Preferably, the step S1 specifically includes the following sub-steps:

s11, extracting feature points of the cover page image according to the cover page of the printed matter, performing hash transformation and sorting on the feature descriptors, and storing the feature descriptors in a cover page feature library;

s12, aiming at the content page of the printed matter, firstly dividing the content page image into a group of image blocks, wherein the dividing method comprises but is not limited to uniform division and selected area division, then extracting the feature points of the image blocks, and finally performing Hash transformation and sequencing on the feature descriptors and storing the Hash transformation and sequencing to the content page feature library.

Preferably, the matching of the extracted feature points with the cover page feature library in the step S3 is specifically realized by the following method:

performing hash transformation and sorting on feature descriptors corresponding to the feature points extracted from the local image, then comparing the hash value with the hash value of the feature points stored in the cover page feature library, and if the distance is smaller than a preset first threshold value, determining that the pair of feature points are matched;

and counting the number of the matched feature points, and if the number of the matched feature points is greater than a preset second threshold value, determining that the local image is matched with the corresponding cover page image.

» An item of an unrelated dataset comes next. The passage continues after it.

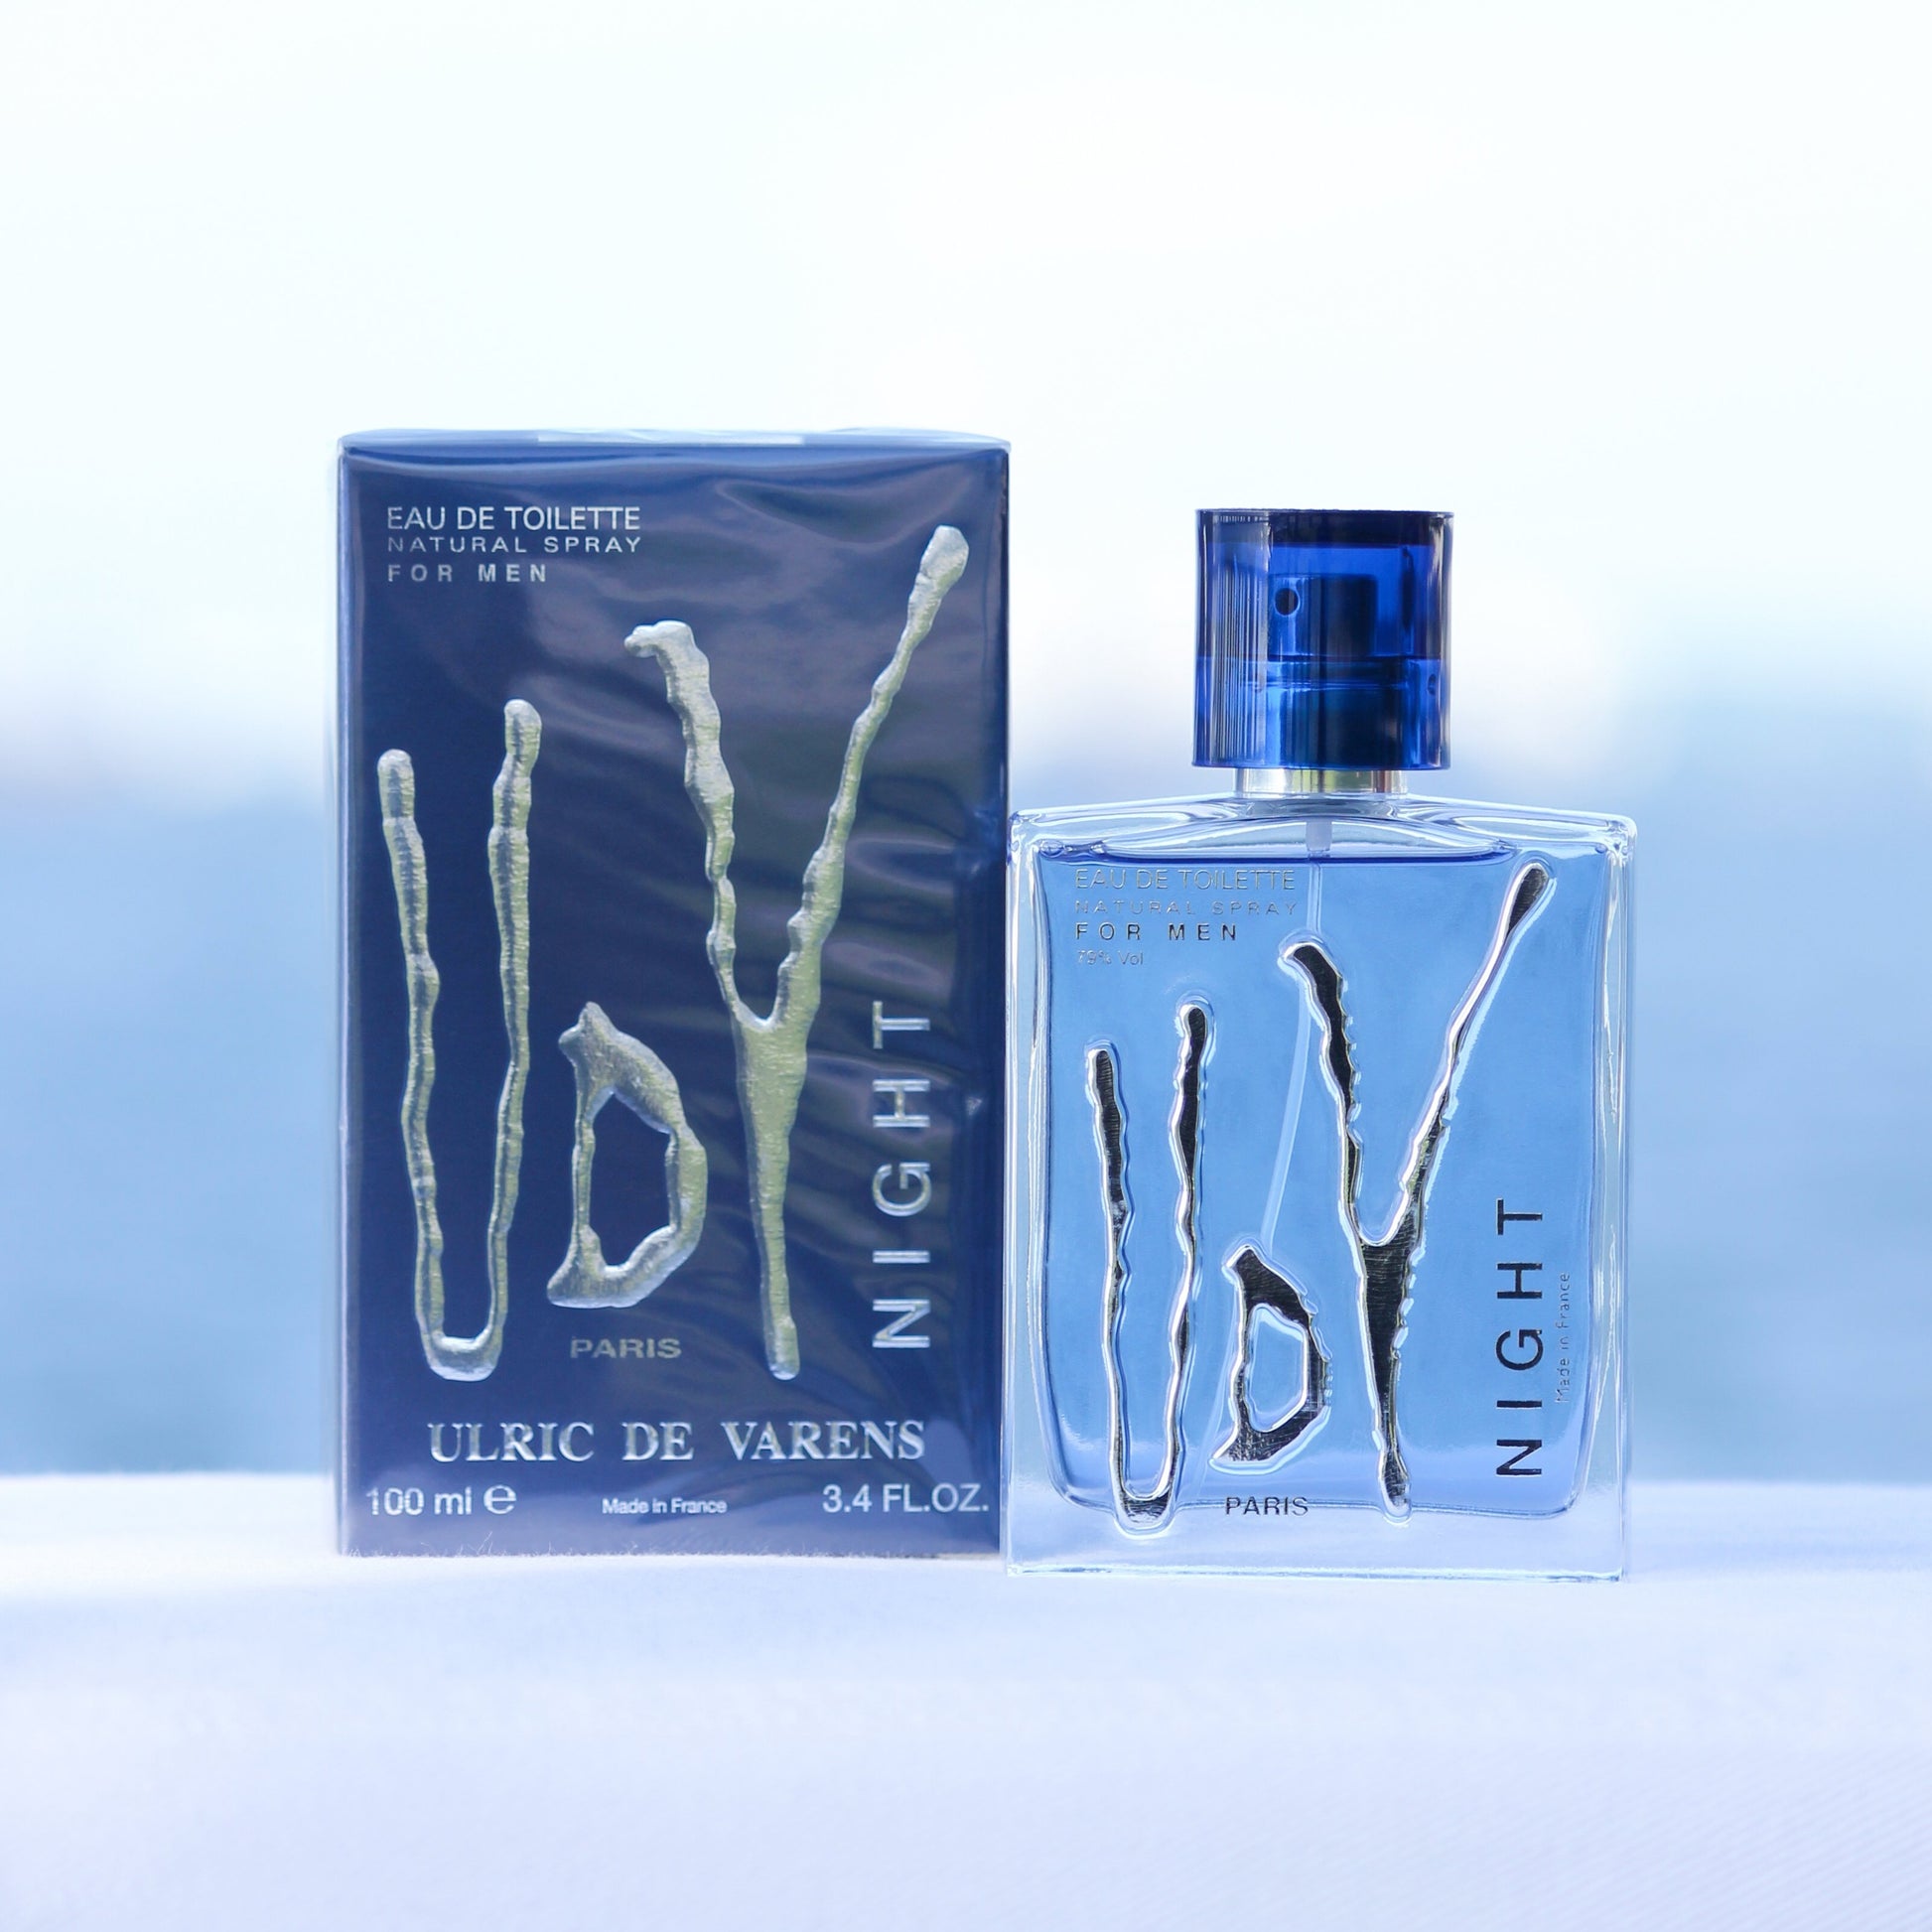 Ulric De Varens UDV Night men's perfume 3.4 EDT in front of beach

Preferably, the matching of the extracted feature points with the content page feature library in the step S5 is specifically realized by the following method:

performing hash transformation and sorting on feature descriptors corresponding to the feature points extracted from the regional image, then comparing the hash value with the hash value of the feature points stored in a content page feature library, and if the distance is smaller than a preset first threshold value, determining that the pair of feature points are matched;

and counting the number of the matched feature points, and if the number of the matched feature points is greater than a preset second threshold, determining that the area image is matched with the corresponding image block.

Preferably, the hash transformation uses a locality sensitive hash function to map the multidimensional characteristics into a single value, and it is satisfied that a point pair with a far distance in the multidimensional space has a large value difference after mapping, and a point pair with a near distance has a small value difference after mapping.

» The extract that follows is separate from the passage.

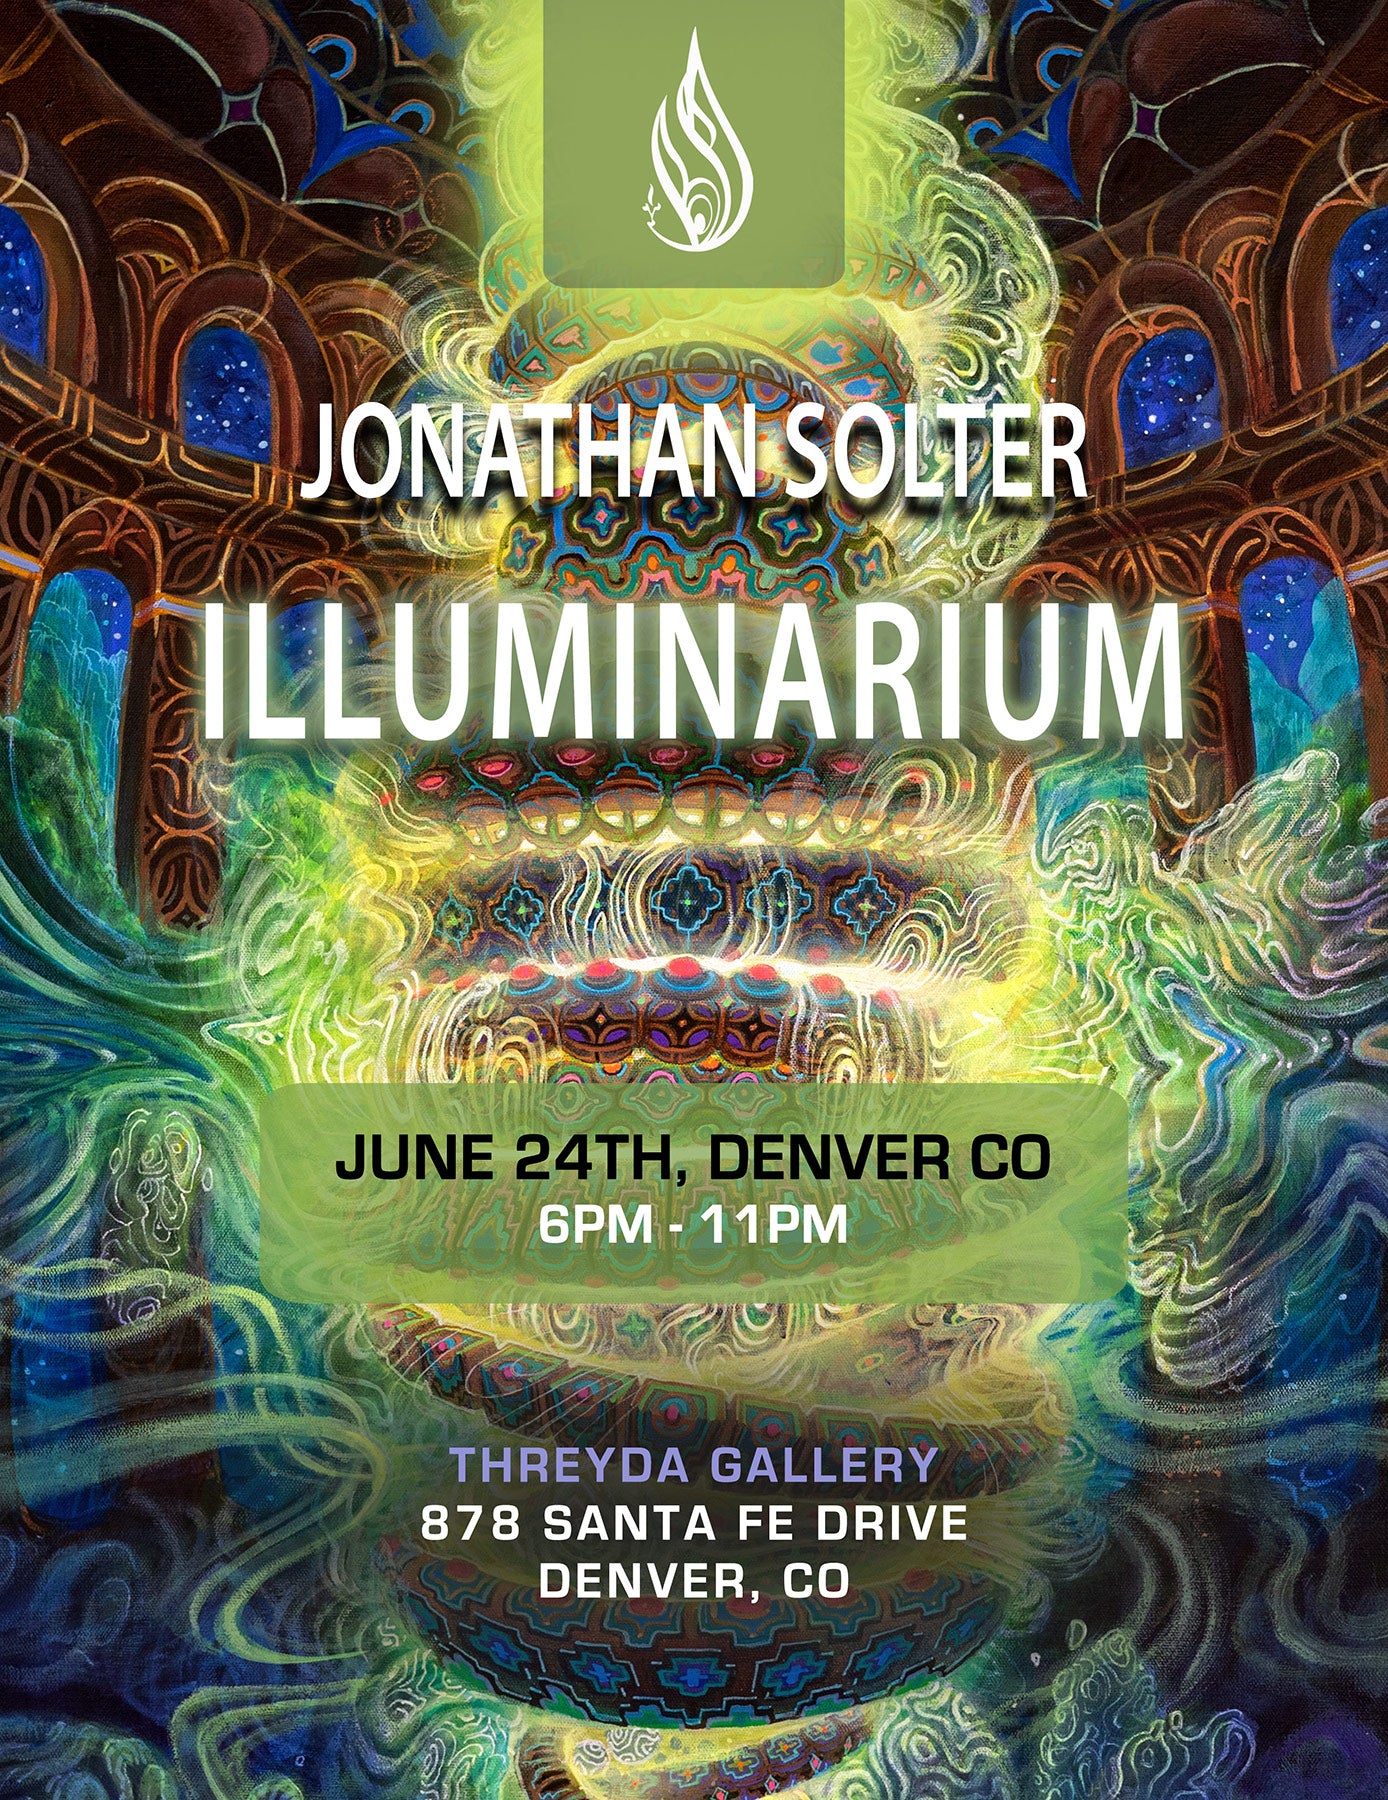 ILLUMINARIUM Event Ticket - June 24th, Denver CO

The technical scheme has the remarkable characteristics that in the using process, direct physical contact is not generated between the reading pen and a printed matter, and the distance between the reading pen and the printed matter is variable. The illumination prompting component generates an indicating light point or light spot which can be identified by human eyes on the printed matter by using illumination in the using process, and plays a role in indicating the region of interest selected by a user.

After adopting the technical scheme, compared with the background technology, the invention has the following advantages:

1. the method and the device realize the identification of the interested content area based on the image characteristic point extraction and matching mode, do not need to prefabricate codes on books, and get rid of the limitation of point reading content due to the coding limitation.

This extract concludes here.